A: Yes, you can have multiple composite functions. For example, if you have three functions ${$ f(x) $}$, ${$ g(x) $}$, and ${$ h(x) $}$, you can create a composite function ${$ f \circ g \circ h $}$ by substituting the expression for ${$ h(x) $}$ into the function ${$ g(x) $}$, and then substituting the expression for ${$ g(x) $}$ into the function ${$ f(x) $}$.

A: A composite function is defined if the function ${$ f(x) $}$ is defined for all values of ${$ x $}$ in the domain of the function ${$ g(x) $}$. If the function ${$ f(x) $}$ is not defined for all values of ${$ x $}$ in the domain of the function ${$ g(x) $}$, then the composite function is not defined.

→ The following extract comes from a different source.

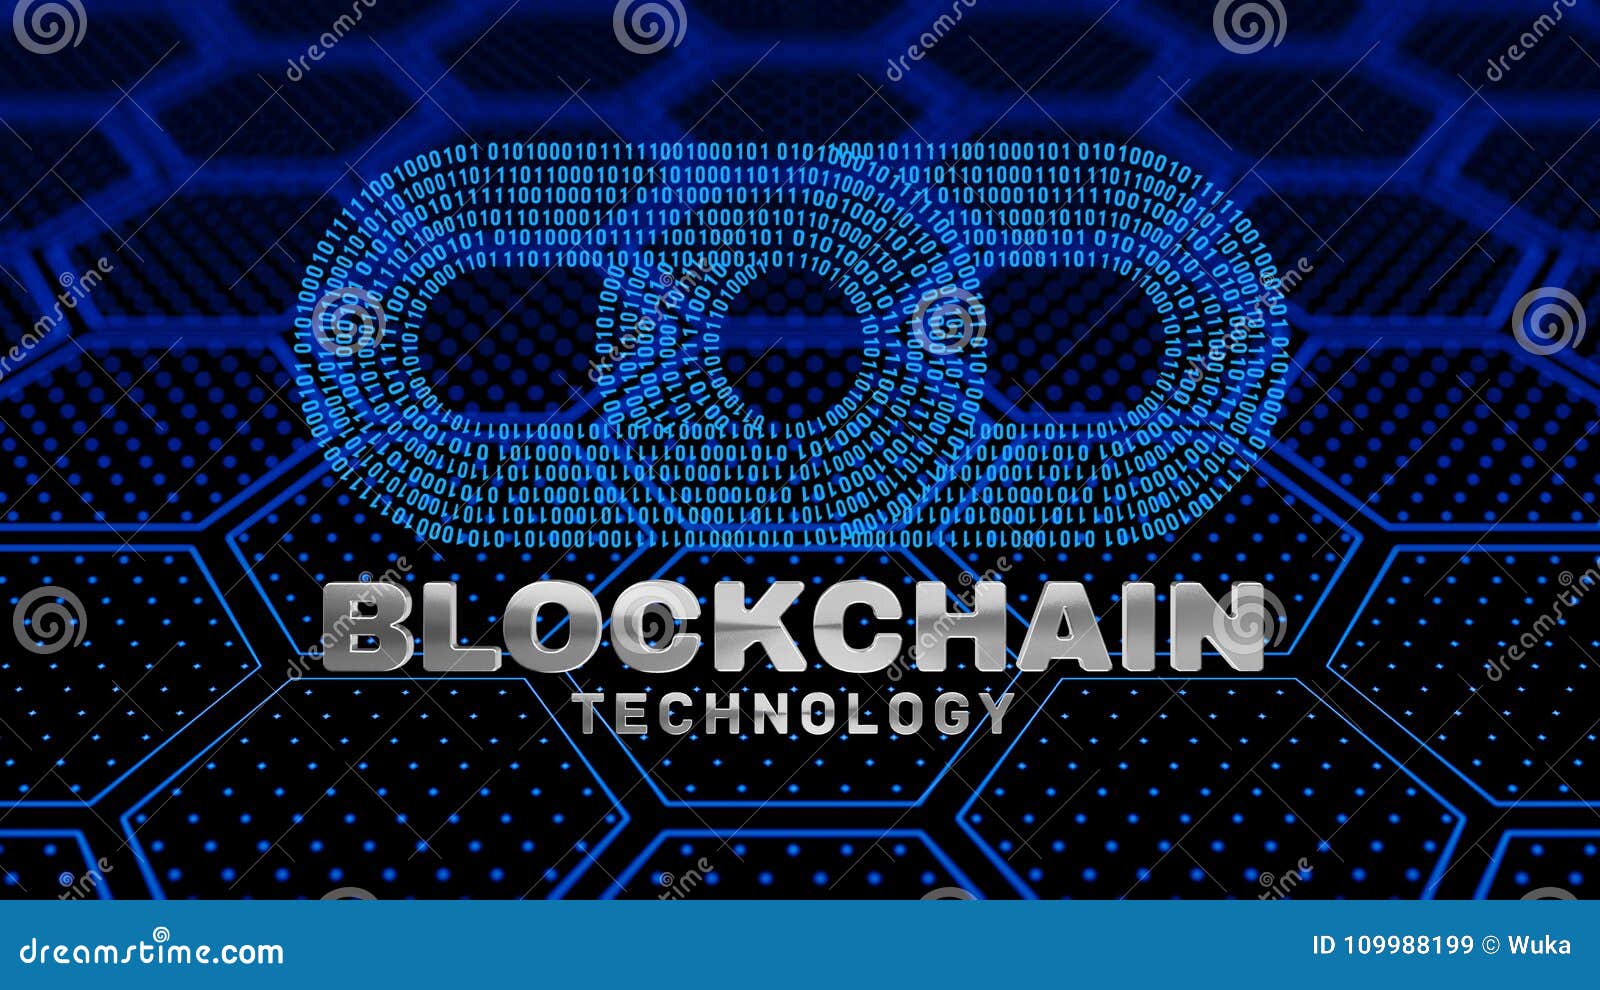 blogs on block chain and crypto-currency

A: Yes, you can have a composite function with a variable in the denominator. For example, if you have two functions ${$ f(x) = \frac{1}{x+1} $}$ and ${$ g(x) = \frac{1}{x} $}$, you can create a composite function ${$ f \circ g $}$ by substituting the expression for ${$ g(x) $}$ into the function ${$ f(x) $}$.

A: To simplify a composite function, you can use algebraic manipulations such as multiplying both sides of the equation by a common denominator or factoring out common terms.

Evaluate the composite function ${$ f \circ g $}$ where ${$ f(x) = \frac{1}{x-2} $}$ and ${$ g(x) = \frac{1}{x+3} $}$.
Find the domain of the composite function ${$ f \circ g $}$ where ${$ f(x) = \frac{1}{x-1} $}$ and ${$ g(x) = \frac{1}{x+2} $}$.

To evaluate the composite function ${$ f \circ g $}$, we need to substitute the expression for ${$ g(x) $}$ into the function ${$ f(x) $}$.